Dark thoughts clouded my mind as I lay on my bed, trying to fall asleep for school tomorrow. The events two nights ago left me in a daze and I just felt empty. Everything was being taken away from me and all I could do was stand by and watch. I was falling back into my dark place, and there was no one to help me out of it.

[A/N: If you go listen to Million Years Ago by Adele, it fits this really well :3]

I rolled over and took my leg out from under the covers so I could cool off. It was pretty hot in the house with the heat on, but thankfully my fan was helping. The phone started ringing and I groaned in annoyance, wondering who was calling at midnight.

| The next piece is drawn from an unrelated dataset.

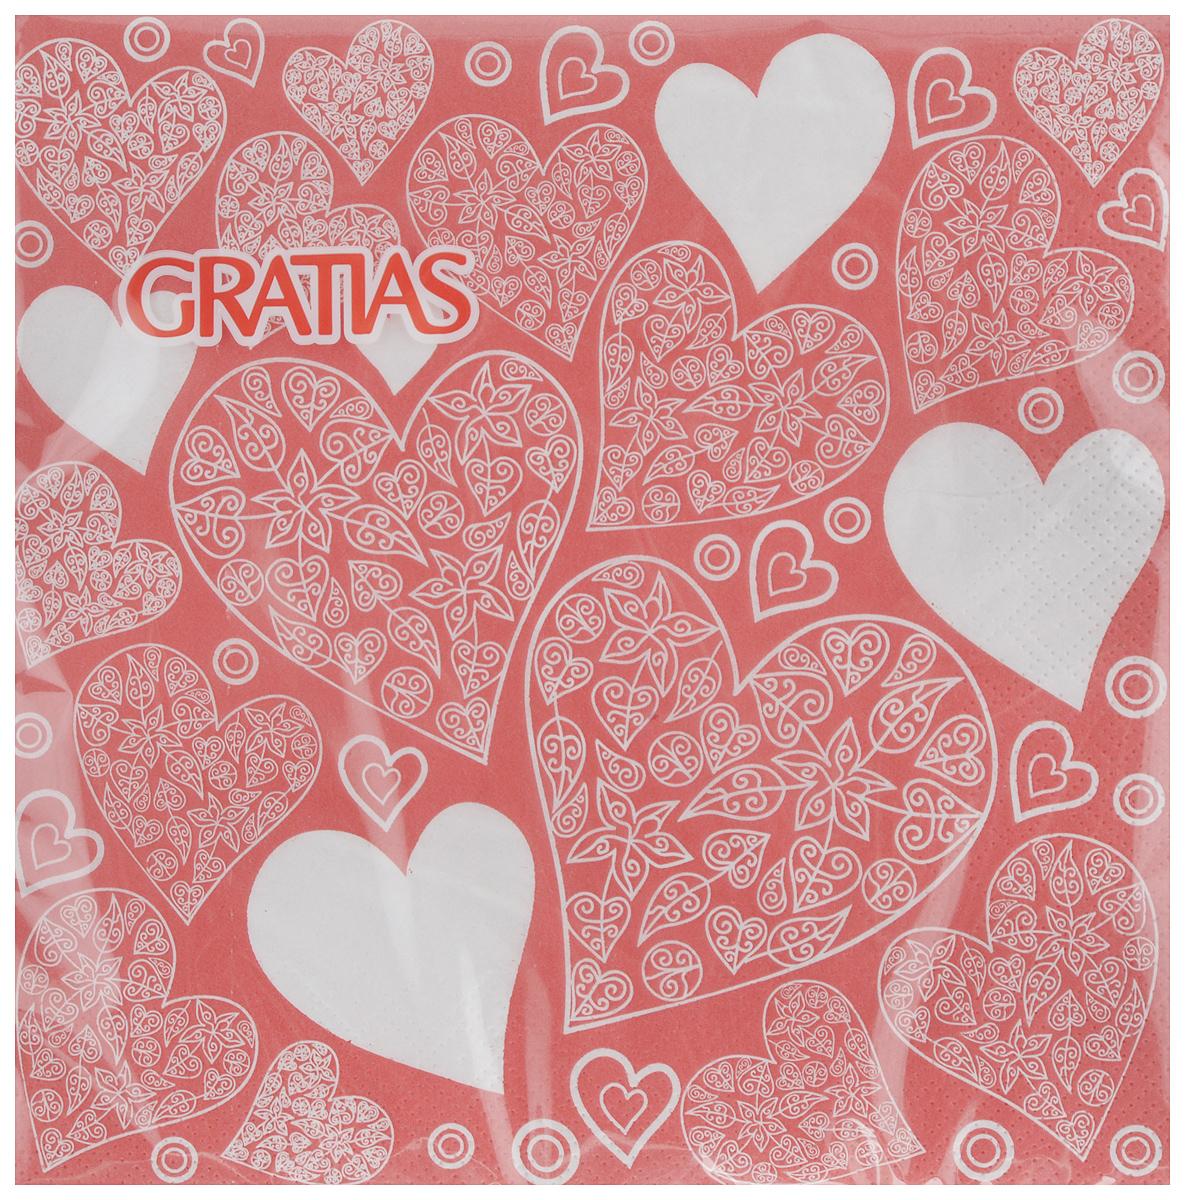 Салфетки бумажные Gratias Сердечки, трехслойные, 33 х 33 см, 20 шт салфетки бумажные gratias мишутка трехслойные 33 х 33 см 20 шт

I got up reluctantly and answered the phone, rubbing my eyes. "Hello?"

"Lucy Heartfilia?" The lady asked.

"This is she." I said slowly.

"This is Magnolia Hospital calling about your father."

My heart stopped. "W-What happened?" When she answered I dropped the phone in shock, my heart beating faster.

"N-No..."

He died.

He fucking died on their watch.

Anger coursed through me as I picked up the phone and hurled it to the opposite wall, making it break into pieces. I ripped the telephone cord at the wall and threw it on the ground, causing it to break as well. I flipped the table where the phone was placed on its side and the vase of flowers crashed onto the floor spilling water everywhere. I was yelling throughout my destruction with tears pouring down my face.

Collapsing on the floor in a sobbing mess, I curled myself into a ball and cried.

The lady told me his lungs filled with fluid, suffocating him from the inside. By the time they drained all of it, they were unable to revive him, his heart stopping completely.

Why does everybody leave me?

My mom left me when I was ten in a car crash, which was because of me, and I ended up being depressed for years.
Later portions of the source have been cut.